Another family (the putaive SLC42 family) has recently been characterized as an ammonium transporter family (see N.L. Nakhoul’s article in this issue). These proteins were known previously as Rhesus-associated glycoproteins. However, hydropathy analysis indicated that they are intrinsic membrane proteins with 10–14 predicted membrane spanning domains.
Yet another gene family includes the recently reported, Na+-independent, system-L amino acid transporter gene SLC43A1 . In contrast to the heterodimeric system-L amino acid transporters of the SLC7 family (SLC7 article in this issue), the SLC43A1 transporter does not require a type-II membrane glycoprotein for functional expression.

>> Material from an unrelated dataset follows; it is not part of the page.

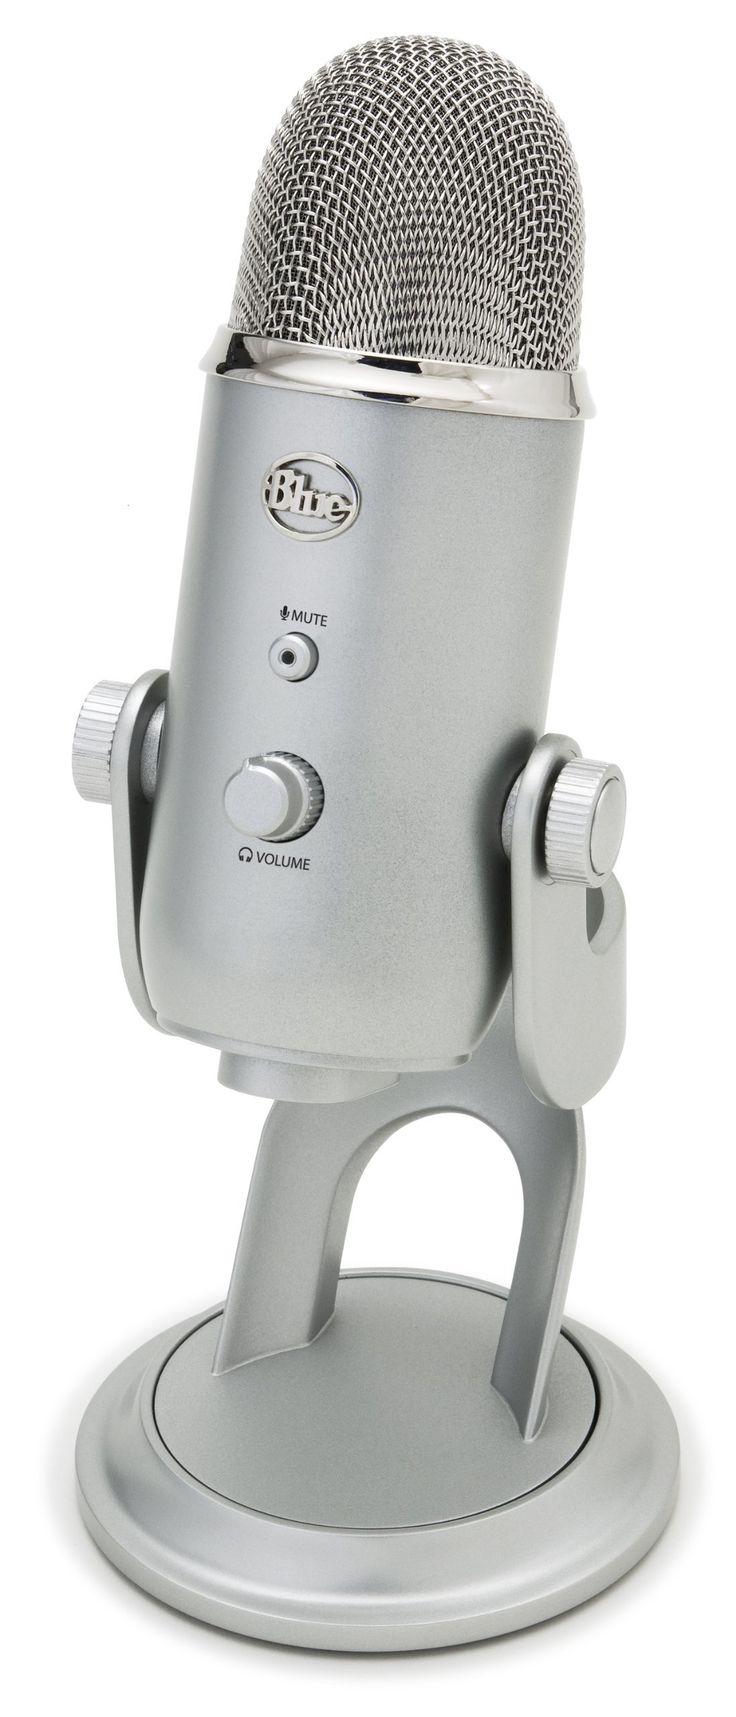 Amazon.com: Blue Yeti USB Microphone - Silver: Musical Instruments | @giftryapp
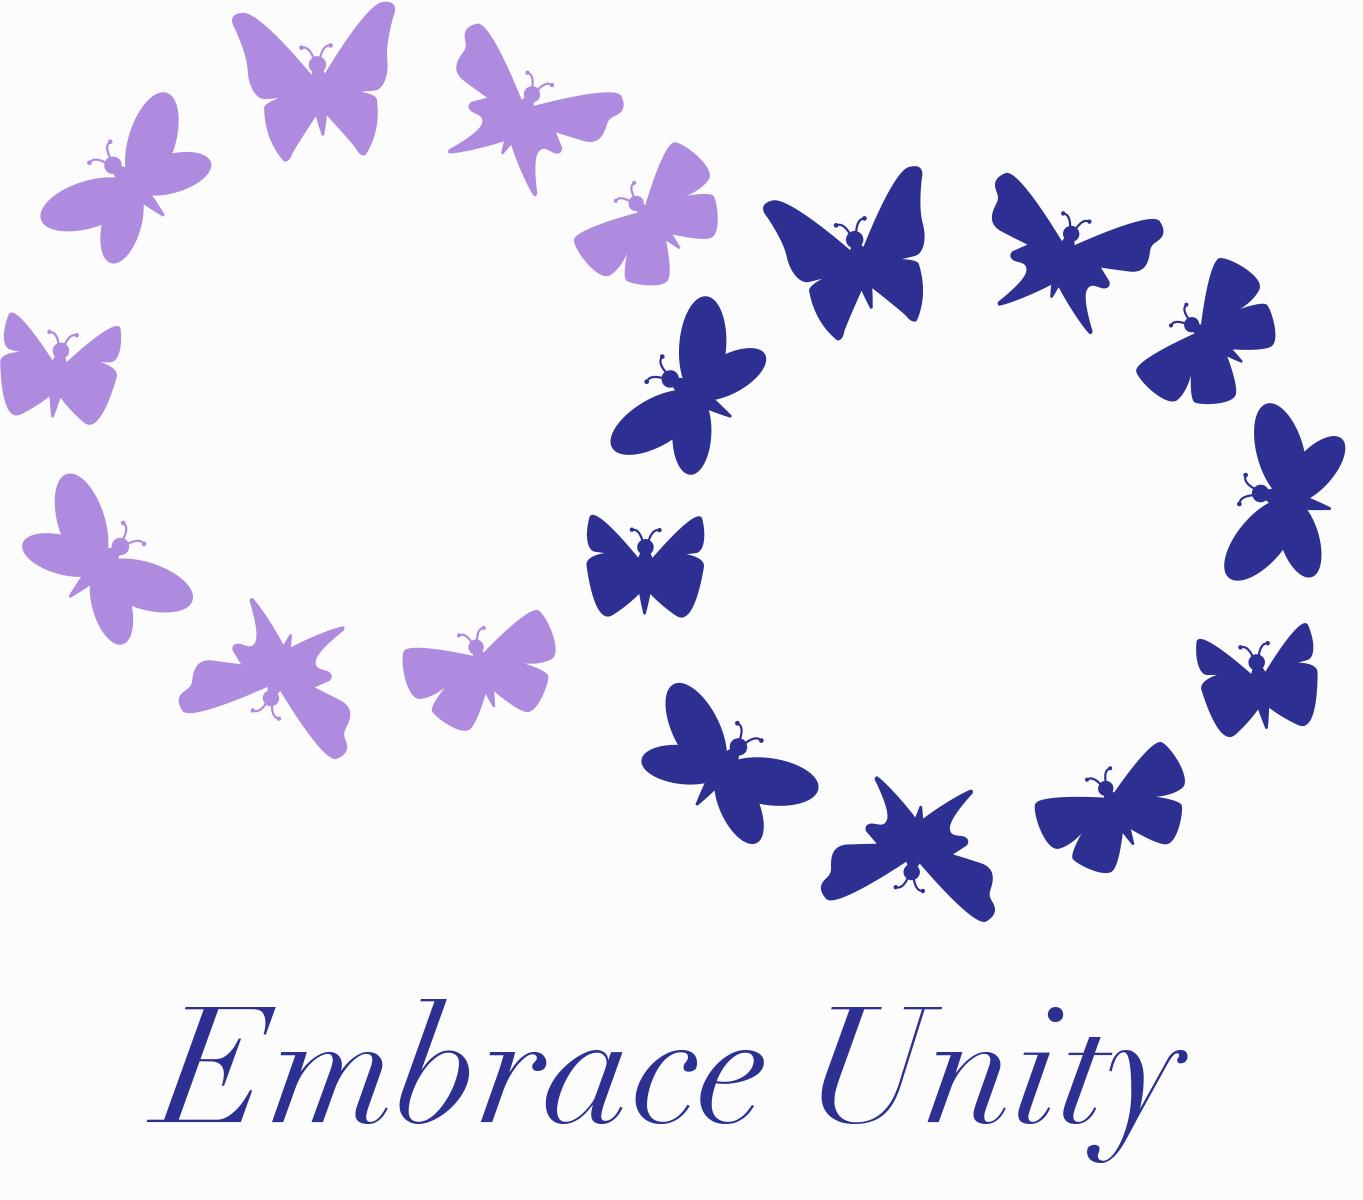 Embrace Unity logo.jpg

It is becoming increasingly evident that other membrane protein families whose function has not yet been elucidated are SLC transporters. For example, there is a gene family of membrane proteins which appears to have the backbone of a transporter . Although it has been speculated that these proteins are “choline transporter”-like, their function remains unknown. This family has homologous transporters in Torpedo, Drosophila, C. elegans and yeast [12, 13]. Unfortunately, the functional properties of these homologues have not yet been described either.
The sequencing of various mammalian genomes is rapidly approaching completion. Nevertheless, there are still many predicted open reading frames awaiting functional characterization and subsequent assignment. Algorithms predicting membrane proteins are likely to uncover more transporter genes and gene families. The future challenge for the scientific community will be the biochemical, biophysical, physiological and pharmacological assessment of all these novel gene products.